Remote Energy Systems Program March 19, 2009

What can a telecommunications company with extensive remote operations do to help address the significant challenges associated with off-grid energy systems? It gets more innovative. This is the premise of the Remote Energy Systems Research Program, a partnership project launched by YCCIC and led by Yukon College and Northwestel.

Yukon College and Northwestel will develop a program that will examine the potential of adapting a Stirling engine design for operations in the Yukon.  Beginning with a commercially viable Stirling engine electrical generator, the partners will modify it for combined solar/diesel use in cold climates, test the redeveloped technology for use in powering its remote sites and then deploy and verify the resulting cold-climate solution. YCCIC and its partners believe that innovations in this area of research have profound implications for Northwestel and other Yukon industries.

Northwestel operates over a hundred remote communications stations throughout the Yukon, Northern B.C. and the Northwest Territories. These stations serve as the backbone of voice and data systems requiring reliable off-grid electrical power sources to support their operations. Small scale (3-5kW) diesel generators with battery storage power are currently the company’s preferred system at its remote facilities. Because Northwestel’s installations are in mountainous and northern arctic environments with limited or no ground access, continuous operation and maintenance of these generators is very difficult and costly due to the significant costs of supplying these remote sites with fuel and replacement batteries. The company has been examining broader technology upgrades for their remote sites including possibly introducing entirely new energy infrastructure.

Built in 1816, the Stirling engine is a proven device that converts heat energy into mechanical power by using a differential in temperatures. This style of engine can use multiple heat sources (including solar, wood, diesel, etc) combined with a cold side to drive electric generators. Originally powered by extremely high temperature differentials (1000 C+) for large scale power production, modern Stirlings can be operated at much lower differentials (~100 C), producing power in the range that would suit Northwestel's power needs (3-5kW).
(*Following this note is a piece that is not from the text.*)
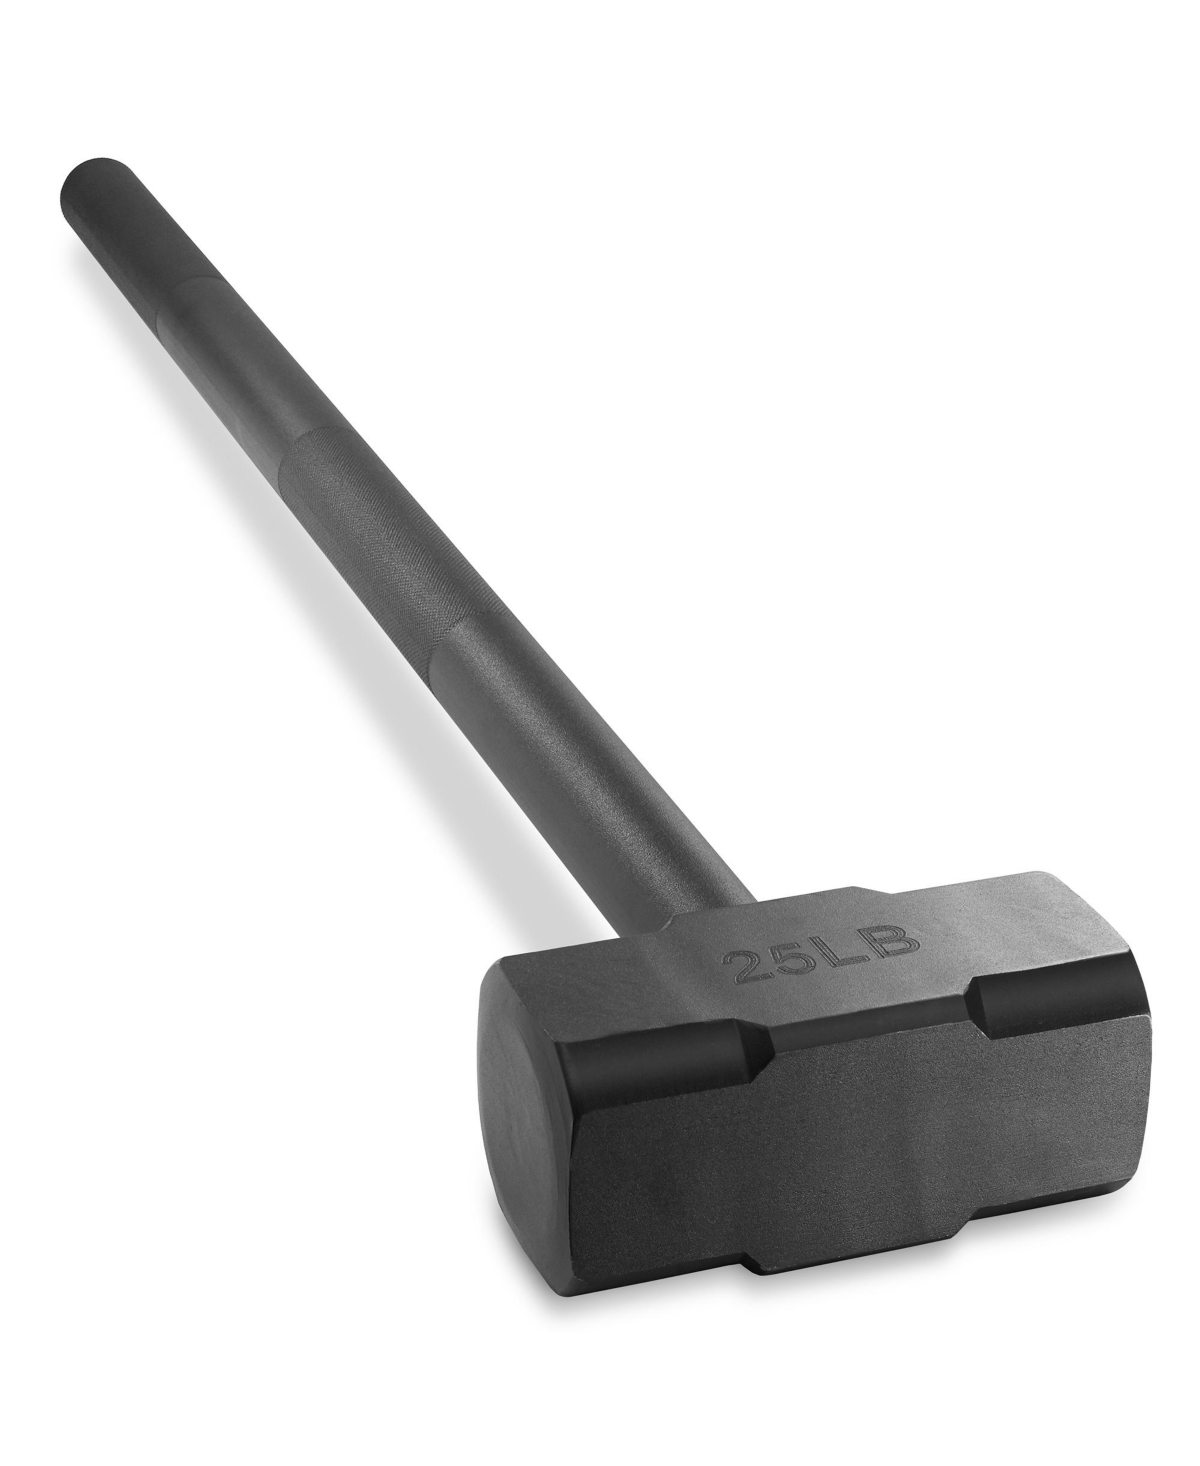 Fitness Hammer, 25 Lb - Steel Hammer for Strength Training - Black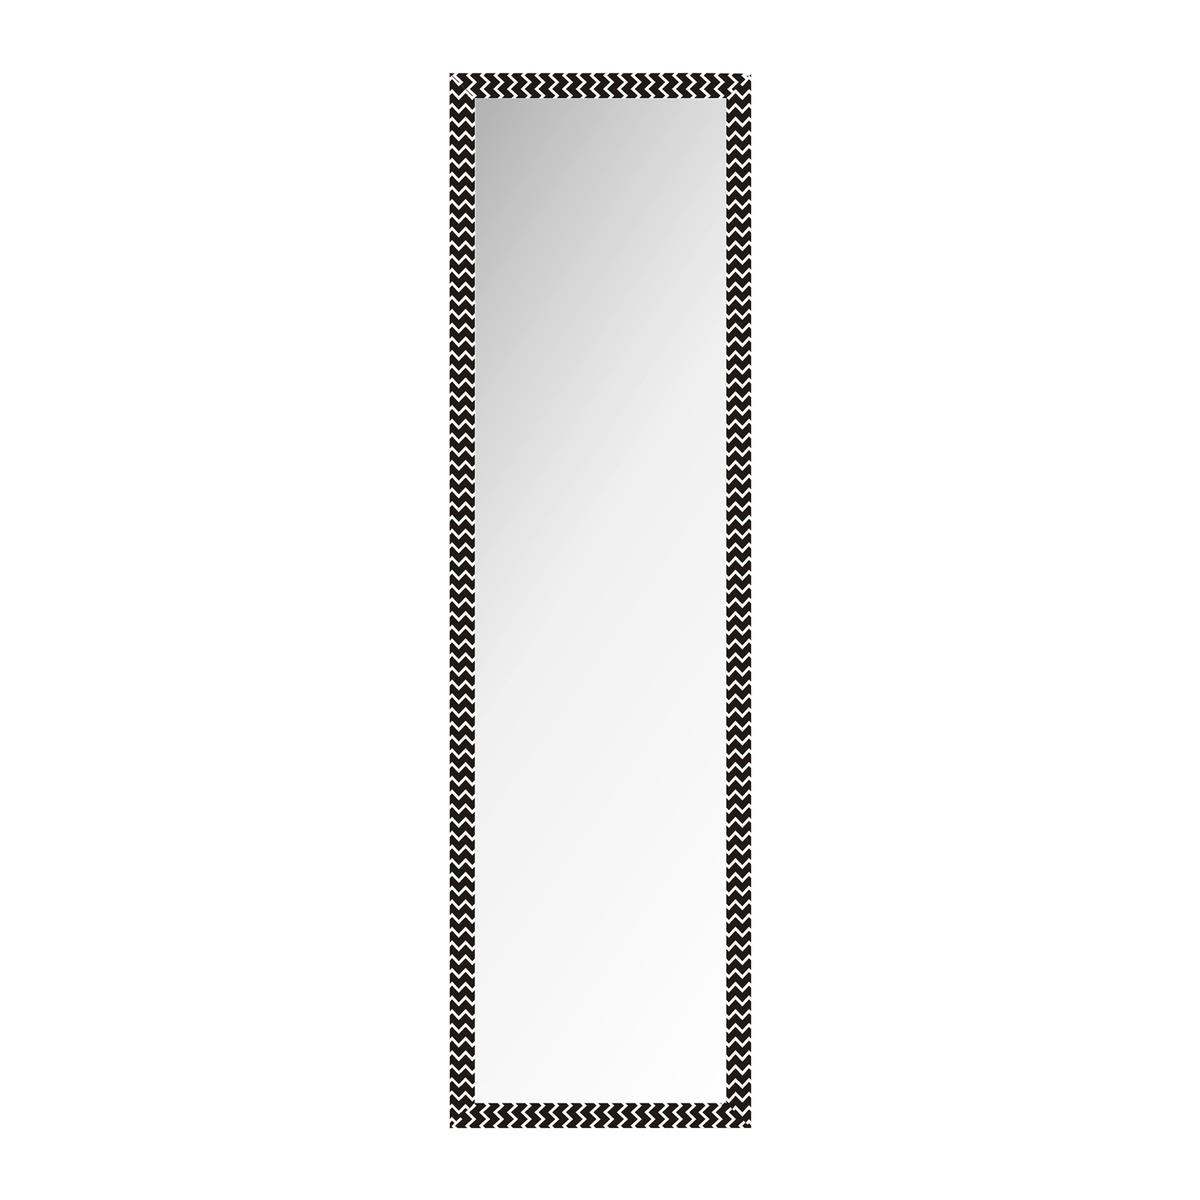 Miroir de porte style graphique - 35 x H 125 cm - Différents coloris

The cold climate of the Yukon may greatly favour the power and efficiency of the Stirling configuration. Furthermore, since this engine is driven by temperature differential and not simply heat, the cold climate of the Yukon may greatly favour the power and efficiency of the Stirling configuration.

In its first year, this YCCIC research program will involve securing a post-doctoral researcher, installing a Stirling engine at the Yukon College test facility, and completing a battery of tests to experiment and document cold-climate efficiency and performance enhancements. An exciting aspect of this program is that an enhanced Stirling engine working model with solar and multi-fuel capacity at Yukon College will foster R&D by other businesses and researchers to experiment with its design and operation. Other applications for this type of energy could include field camps, off-grid housing and remote tourism operations.